Piatto ricco mi ci ficco fa rima con il Piano nazionale di ripresa e resilienza (Pnrr) nel Paese Italia in cui il piatto ricco non è scontato che faccia rima con resilienza e ripresa. Ripresa da cosa, da chi, dove, quando e perché?
Parlare di una necessità di ripresa per un Paese non può non contemplare l’analisi profonda di quali siano le cause che ne abbiano comportato l’arresto. Arresto economico, sociale, culture e umano. Arresto che si coniuga con degrado, lassismo, corruzione, bulimia burocratica, caos politico-amministrativo. Arresto che ha il sapore della terra dei fuochi, dei ponti che cadono, dei terremotati dimenticati, della spazzatura che invade ogni angolo delle nostre città, della corruzione che disonora la giustizia, la Pubblica amministrazione e la sanità.
Arresto che parla la lingua della raccomandazione, del ricatto e della mediocrità. Mediocrità che ha condotto i giochi politici, amministrativi, sociali e culturali del Paese che infanga il buon nome di chi lotta per la giustizia, per l’equità e per la trasparenza. Trasparenza che fa rima con competenza. Competenza che rappresenta la forza principale della sperata ripresa. Competenza che non può non essere accompagnata da una trasformazione culturale del Paese in ripresa. Trasformazione culturale che dovrebbe contemplare la necessità di fare i conti con un modus operandi atavicamente caratterizzante la mente clientelare.
Mente clientelare che funziona attraverso lo strizzare l’occhio all’amico, al parente, al compagno, al fratello, al reciproco scambio di favori e cortesie che a volte non risparmia neppure la giustizia. Una trasformazione culturale che dovrebbe iniziare da una presa di coscienza delle coordinate necessarie per orientarsi verso la direzione della resilienza. Coordinate i cui punti fondamentali sono rappresentati da specifiche caratteristiche emotive e cognitive. Difficile è poter contemplare che un piano di ripresa possa fare affidamento sulle buone intenzioni, sulla voglia di superare la crisi e sulla capacità di resilienza. Difficile è poter attivare la resilienza per la ripresa di un Paese senza contemplare un cambiamento culturale, sociale, psicologico che metta al centro il concetto di dignità.
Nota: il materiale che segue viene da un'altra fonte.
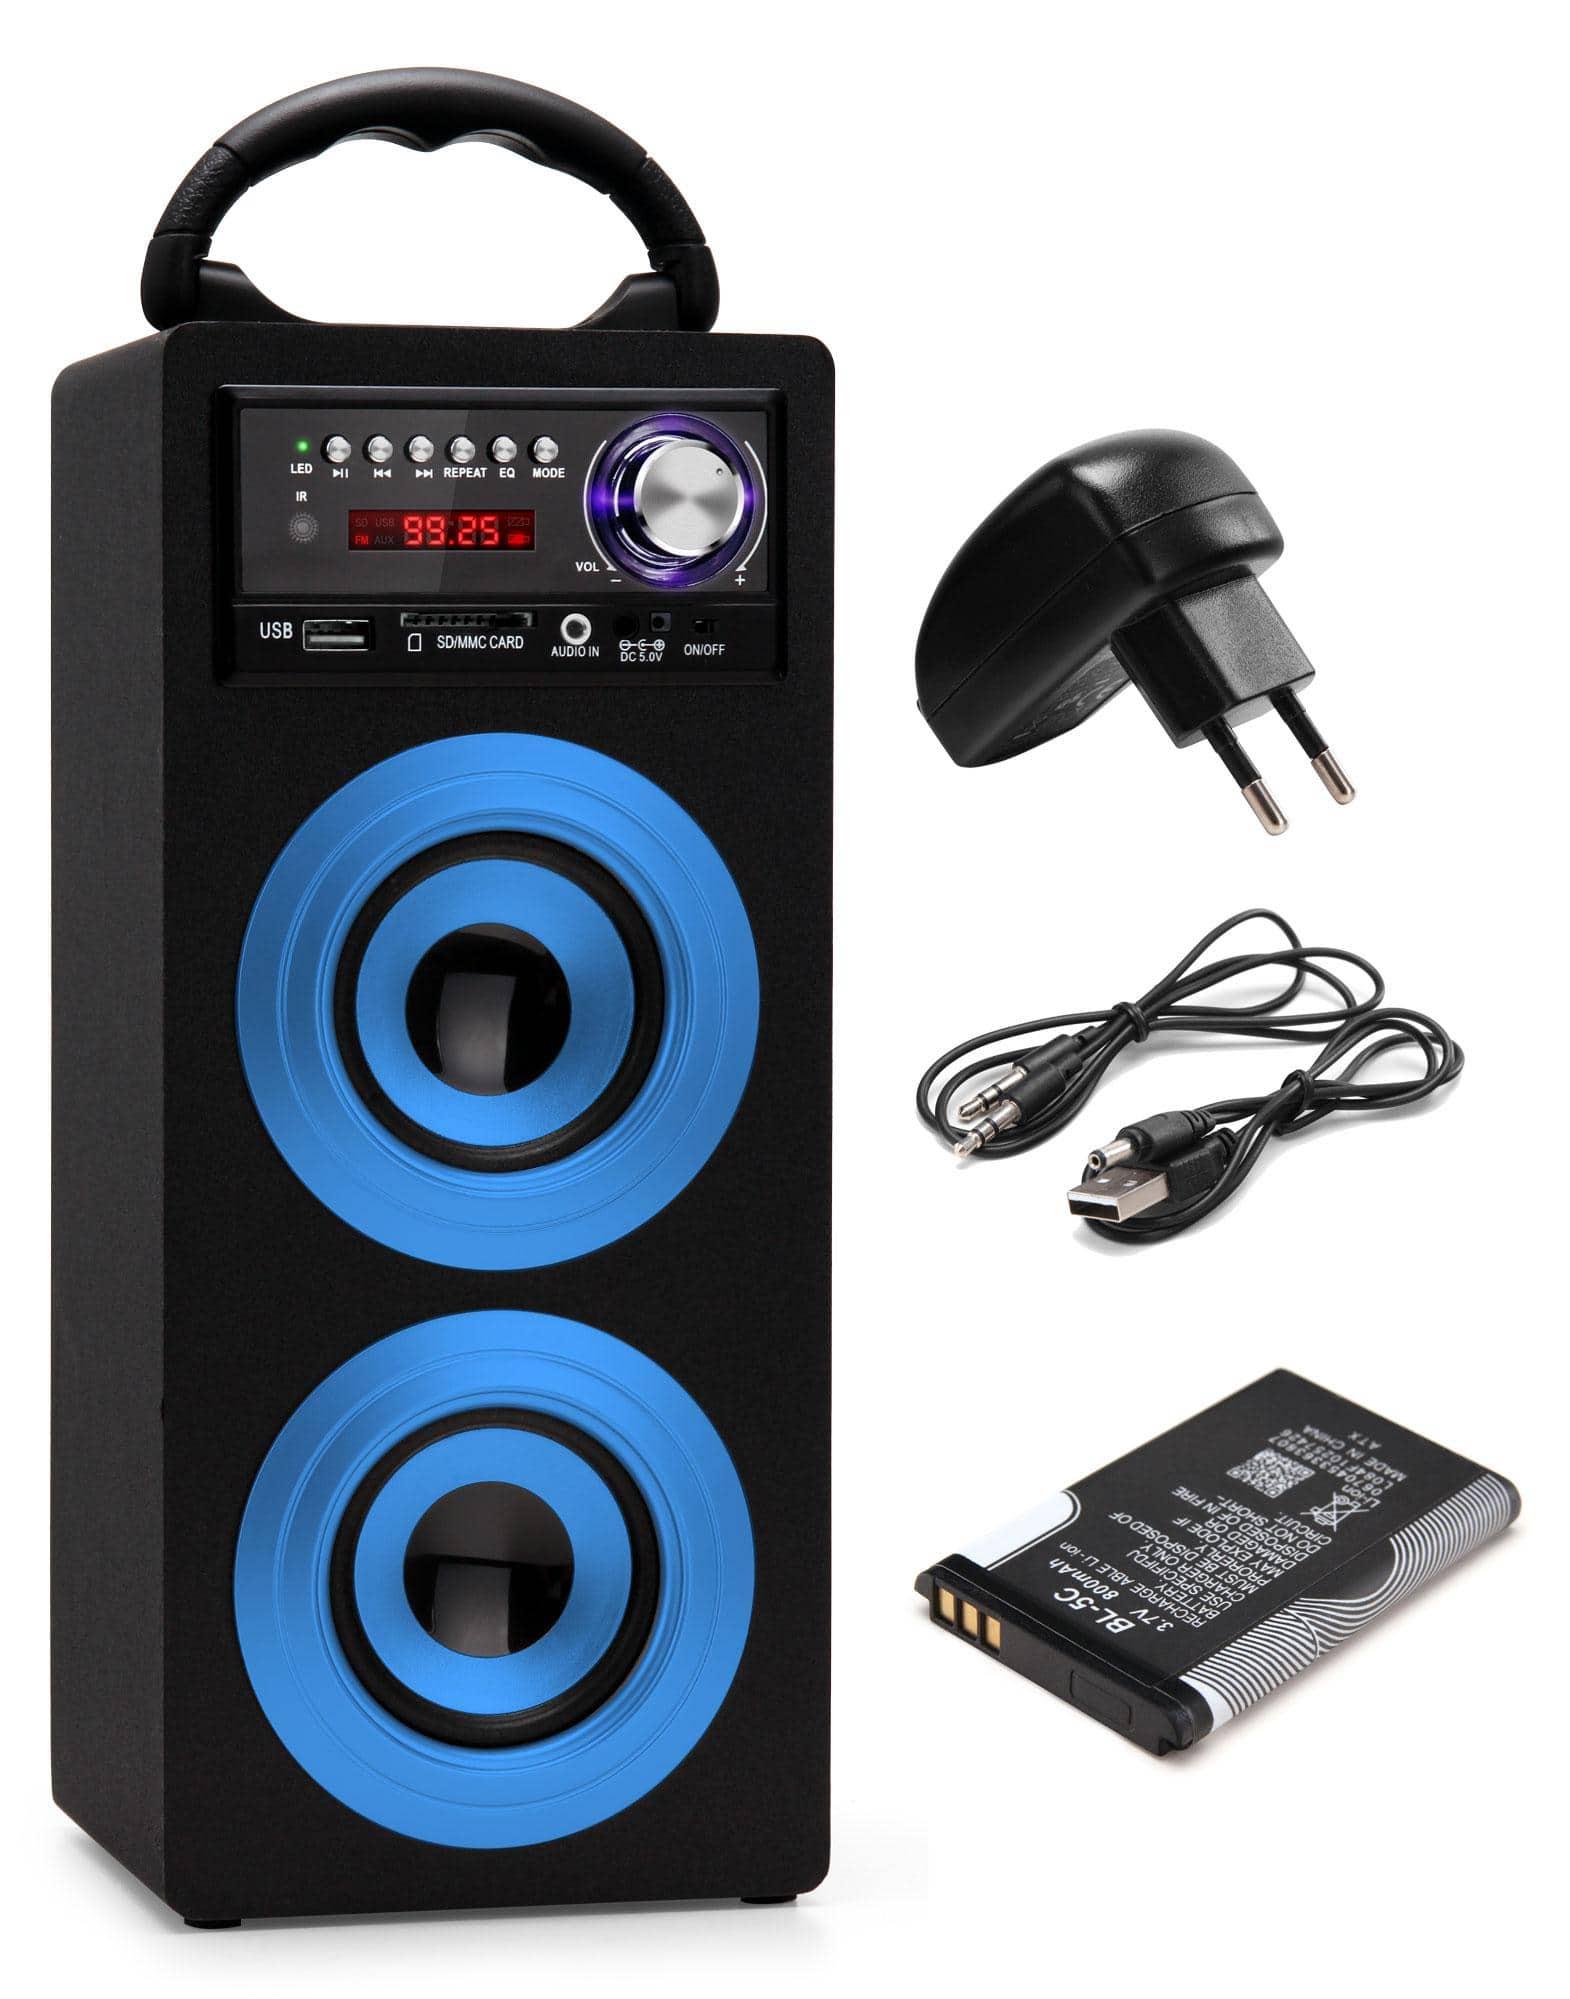 Beatfoxx Beachside Portable Bluetooth Speaker Usb Sd Aux Fm Blue Remote Control Circuit Using A Radio Electronic Set Incl Battery Power Cord

“La dignità non consiste nel possedere onori, ma nella consapevolezza di meritarli” (Aristotele). Il merito dignitosamente conquistato è la chiave che apre la strada della ripresa e della resilienza di un Paese. Il passaggio da una Italia ferme, dominata da corruzione, mediocrità e lassismo ad un Paese in ripresa, resiliente, dominato dalla meritocrazia, dalla trasparenza e dalla valorizzazione del bene comune non può prescindere da un cambio di direzione dal bene individualistico al bene comune. Il bene comune che contempla la distribuzione equa delle risorse e che fa della necessità della ripresa la virtù di pensare, programmare e realizzare opere per tutti e non solo per pochi, opere che non gonfiano i soliti portafogli ma che vadano a soddisfare i bisogni delle frange più fragili.
Un passaggio culturale e psicologico dal piatto ricco mi ci ficco al piatto ricco per tutti. Piatto ricco per tutti che sottolinea l’urgenza individuale e collettiva di attivare un processo di analisi della dilagante profonda superficiale fragilità esistenziale che necessita di un deciso processo di educazione e formazione alla resilienza. A mio avviso la resilienza è legata al concetto di persistenza, è legata ad un atteggiamento positivo che permette di fronteggiare le difficoltà in maniera efficace. La persona resiliente vive con la consapevolezza che la conoscenza profonda dei propri limiti e delle proprie risorse è elemento fondamentale per vivere una buona qualità della vita.
“La resilienza non è solo la voglia di sopravvivere a tutti i costi, ma anche la capacità di usare l’esperienza maturata in situazioni difficili per costruire il futuro” (Andrea Fontana). Futuro che riusciremo a garantire alle nuove generazioni, se insegneremo loro a “resistere”, a “risalire in barca una volta caduti in mare”. Se insegneremo loro che le relazioni sono più importanti delle cose, che uno sguardo è molto più di un click, che un abbraccio o una stretta di mano non sono paragonabili ad un like, che la capacità di esserci non si racchiude nello scatto di un selfie.
Nuove generazioni che pagheranno a caro prezzo le nostre corruzioni, i nostri lassismi, la nostra psicotica burocrazia, le ingiustizie, le mediocrità amministrative, giudiziarie, sociali, ambientali. Nuove generazioni a cui il piatto ricco di oggi forse è servito con poco sapore di responsabilità e con troppa superficialità.